Problem: Find the smallest positive integer that is both an integer power of 11 and is not a palindrome.
Because of the symmetric nature of the number 11, it is a divisor of many palindromes.  Expanding powers of $x+y$ (where $x = 10$ and $y = 1$) helps us see why the first few powers of 11 are all palindromes:  \begin{align*}
(x + y)^2 &= x^2 + 2xy + y^2 \\
11^2 &= 121 \\
(x + y)^3 &= x^3 + 3x^2y + 3xy^2 + y^3 \\
11^3 &= 1331 \\
(x + y)^4 &= x^4 + 4x^3y + 6x^2y^2 + 4xy^3 + y^4\\
11^4 &= 14641 \\
(x + y)^5 &= x^5 + 5x^4y + 10x^3y^2 + 10x^2y^3 + 5xy^4 + y^5 \\
11^5 &= 161051 \end{align*} Notice that each term of the form $x^i y^{n-i}$ ends up being a power of $10$, and the digits of $(x+y)^n$ end up being the binomial coefficients when these coefficients are less than $10$, as there is no carrying.

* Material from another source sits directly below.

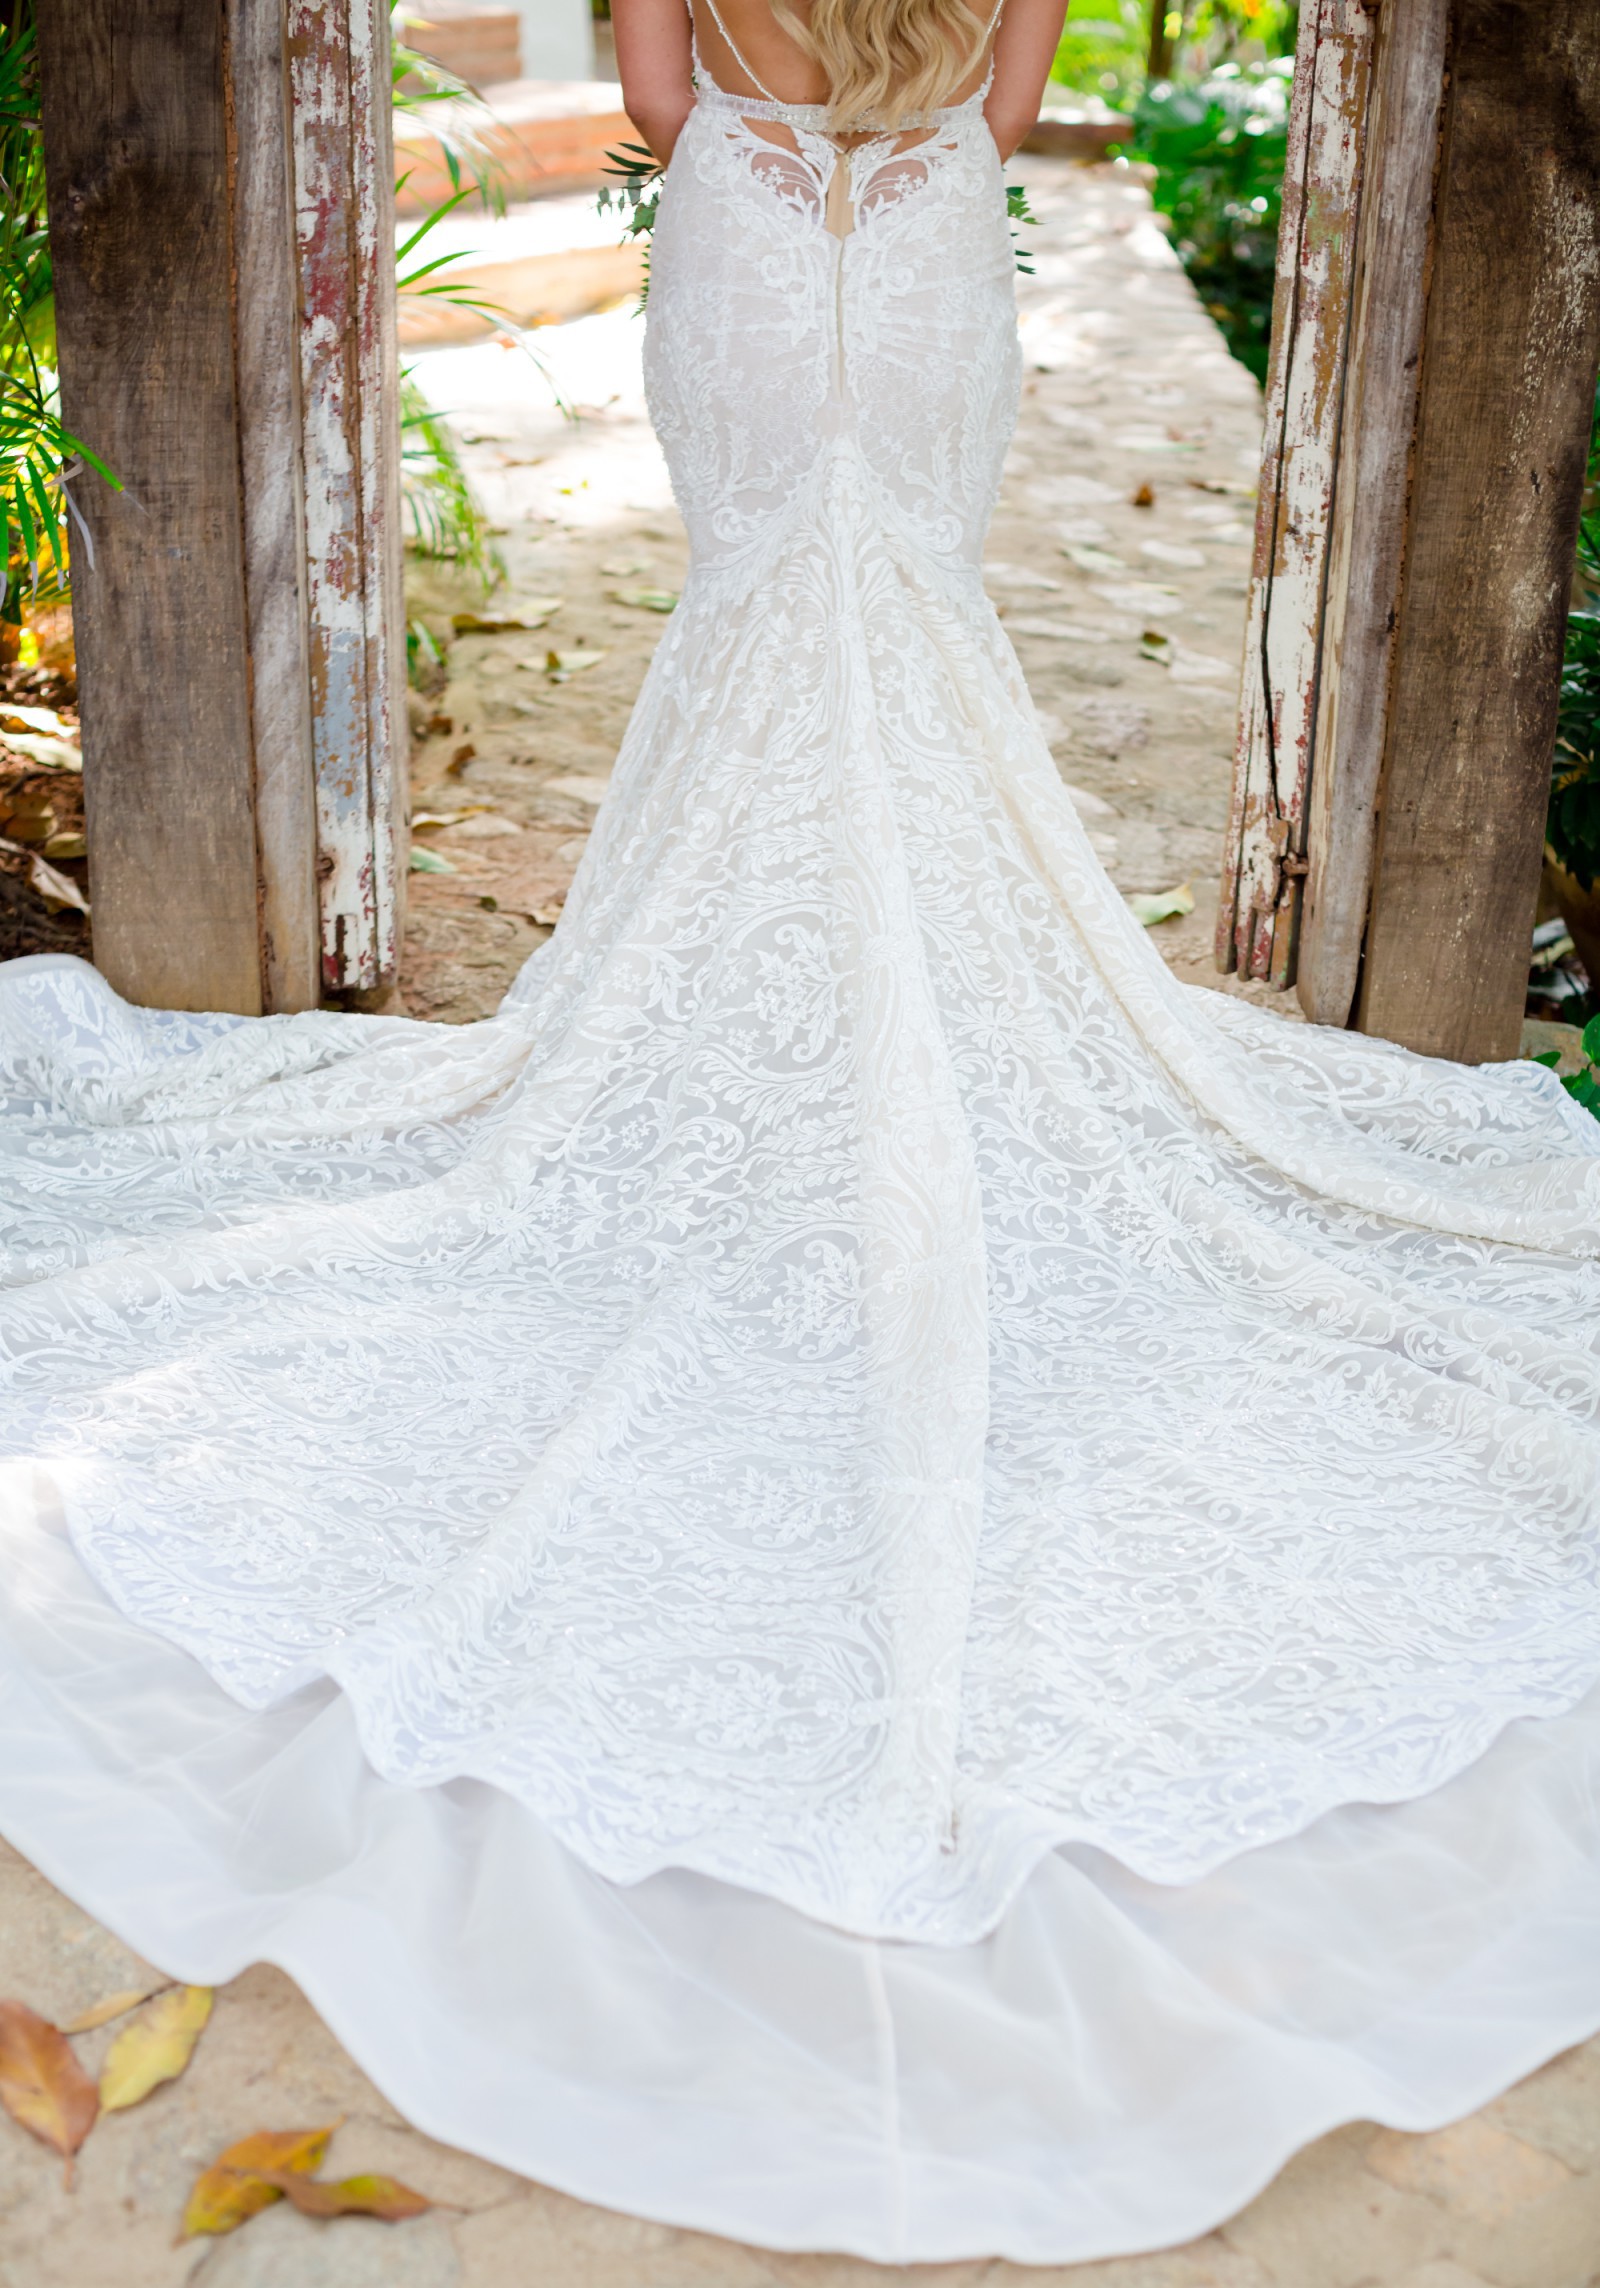 floral cotton dress

Because of the identity $\binom{n}{i}=\binom{n}{n-i}$, the number is a palindrome whenever the coefficients are all less than $10$, which is true for powers less than 5. However, from the list above, we see that $(x+y)^5$ has coefficients at least 10, and indeed, we have $11^5 = \boxed{161051}$, which is not a palindrome.